Logiciels libres et commerce par Pierre Ponthus

samedi 29 octobre 2005, par Webmestre

Logiciels libres et commerce
Le logiciel libre fait-il une concurrence déloyale au logiciel propriétaire ?

Source :
http://www.local.attac.org/attac25/loglibres.php

Cette question sera sans nul doute de plus en plus souvent posée, à mesure de l’avancée des logiciels libres. L’OMC pourrait même s’en mêler, prétextant la clause de la nation la plus favorisée (l’absence de restrictions sur les copies faisant une concurrence déloyale aux produits propriétaires, qui ne bénéficient pas de cette facilité).

Avant de répondre, il convient de poser une autre question. Comment se fait-il qu’un mode de développement qui s’appuie sur le partage, l’ouverture du code source et la liberté de copie soit capable de faire de l’ombre à des produits commerciaux fermés et protégés ? Si la réponse à cette question semble évidente - les produits commerciaux doivent supporter les charges de personnel et les frais de publicité -, elle fait naître un malaise. La réussite du logiciel libre tend à démontrer le caractère parasitaire du mode de développement propriétaire, tout du moins en matière de logiciels. Cette réussite met au grand jour une erreur de parcours ; pour les logiciels, le mode de développement propriétaire n’est pas le bon choix.

Ce point de vue n’est pas partagé par tous. Les éditeurs qui ont bâti leur fortune et leur monopole sur des produits propriétaires fermés voient d’un très mauvais oeil le succès que rencontrent les logiciels libres. Certains de ces éditeurs se sont même découverts des qualités de médecin, au point de déceler un cancer en gestation au sein du logiciel libre. Cependant, le coeur de l’humaniste penche en direction du logiciel libre, si tant est on laisse à l’humaniste le choix des armes.

Si les logiciels propriétaires ont su atteindre une grande qualité, ce qui est la moindre des choses pour des produits commerciaux, leur fermeture et leur mode de développement centralisé entraîne de nombreux inconvénients, que l’on commence à percevoir. Failles de sécurité corrigées dans des délais inacceptables (voire jamais corrigées !), virus omniprésents, formats de fichiers texte secrets, incompatibles avec la concurrence (quand ce n’est pas avec eux-mêmes !), manque de souplesse des systèmes d’exploitation, peu propices à une adaptation personnelle. Enfin, il ne faut pas oublier l’introduction, par la force du marketing plus que par une qualité intrinsèque quelconque, de pseudo standards qui ne sont standards qu’avec eux-mêmes.
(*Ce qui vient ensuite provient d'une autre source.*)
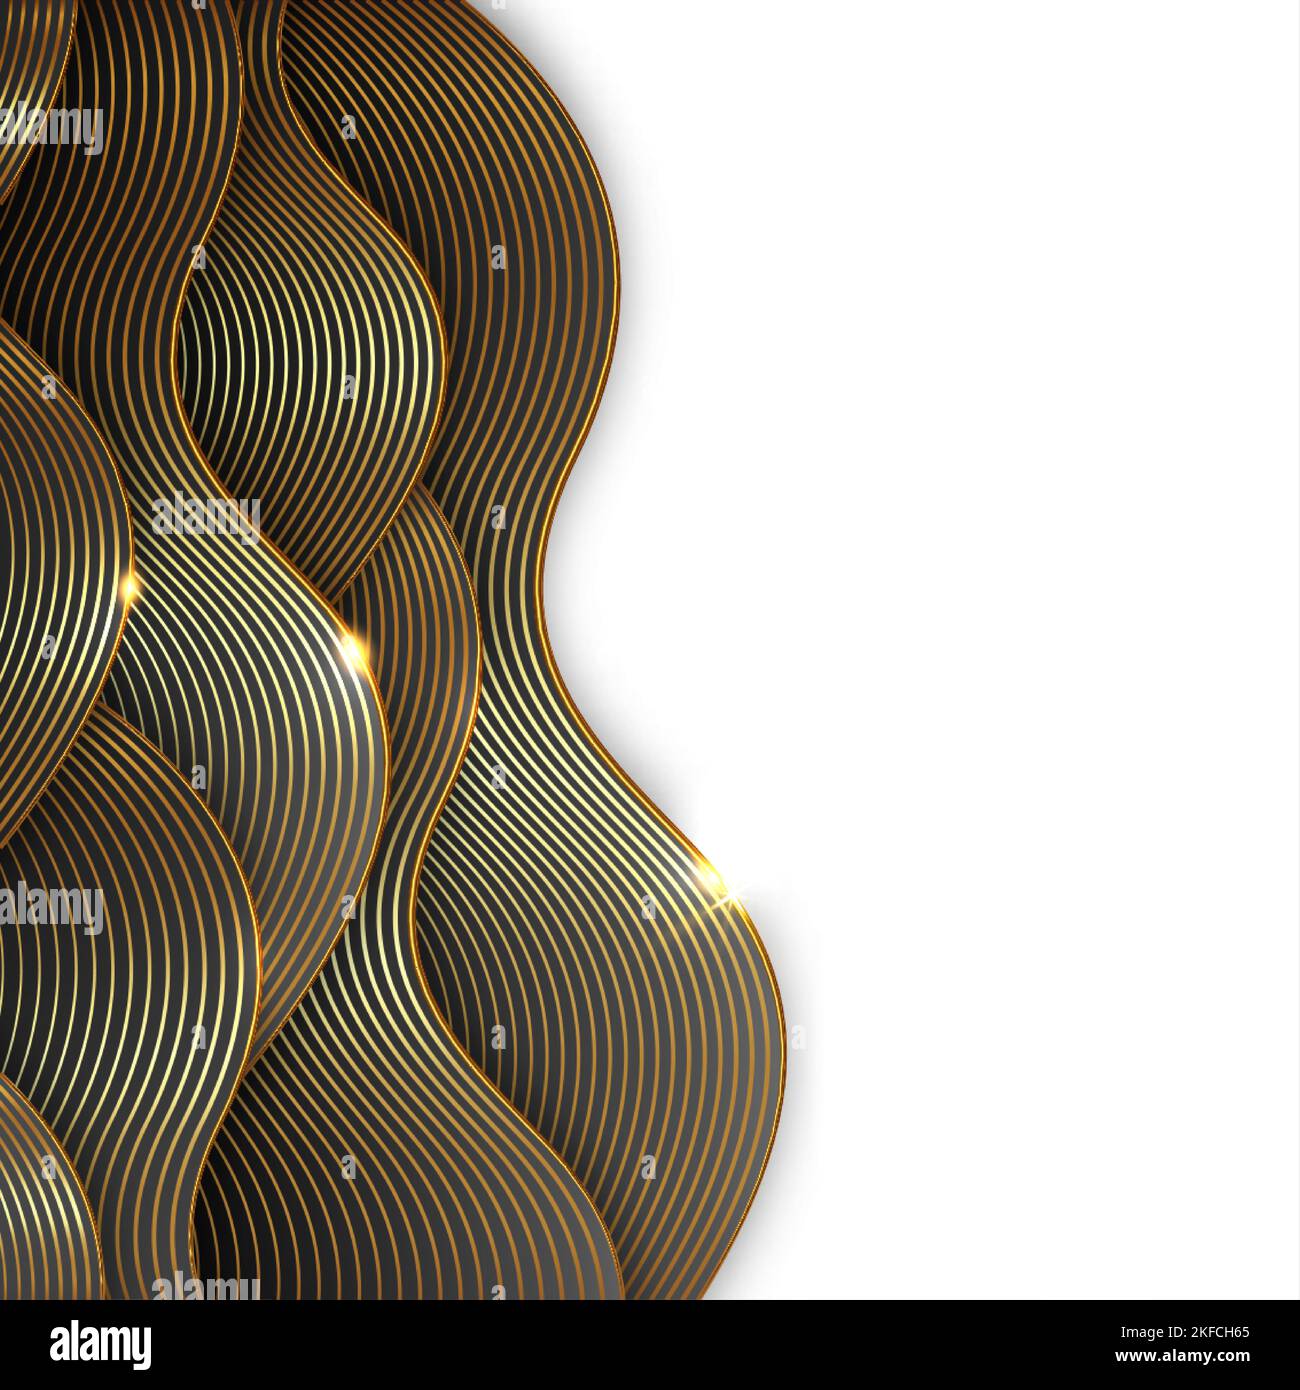 Abstrakt glänzende Farbe Gold Welle Design-Element, goldene Linien Muster Hintergrund. Golding Luxury Design für Cover, Einladung, Banner-Vorlage, isoliert Stock Vektor

On pourrait aussi citer le non respect des standards (les vrais) de l’internet. Non respect que permet facilement une position de monopole. Si le prix, parfois élevé, des logiciels propriétaires ne fait pas partie de ce sombre descriptif, c’est qu’il n’a que peu d’importance. De même, la gratuité des logiciels libres n’est pas l’élément principal qui les caractérise. Les logiciels libres sont d’abord libres et, accessoirement, gratuits. Ils peuvent par conséquent êtres payants, ce qui devrait rassurer ceux qui ce sont jusqu’à présent appuyés sur la vente de produits propriétaires. L’essentiel étant de proposer, sous forme de compétence par exemple, une valeur ajoutée aux logiciels libres vendus. On appelle cela s’adapter. C’est là l’une des contraintes inhérentes du commerce. Cette adaptation est, de loin, préférable à un raidissement face à un mode de développement nouveau. Pour ceux qui veulent gagner de l’argent avec le logiciel libre, l’offre de compétences est d’ailleurs la seule voie plausible. On retrouve là l’une des caractéristiques de l’évolution de la société marchande moderne, à savoir, la prépondérance du service post-vente sur le produit lui-même, devenu de plus en plus complexe à maîtriser.

On le voit, l’économie du logiciel libre bouscule certaines certitudes, pose de nouvelles questions. Cette économie nouvelle jette aussi les bases d’un commerce véritablement équitable, ce qui n’est pas la moindre de ses qualités. Il est d’ailleurs fort probable que, dans le cadre de l’OMC, des conflits apparaissent. C’est pour toutes ces raisons qu’Attac devrait de toute urgence se pencher sur la place du logiciel libre dans le monde meilleur auquel cette association aspire.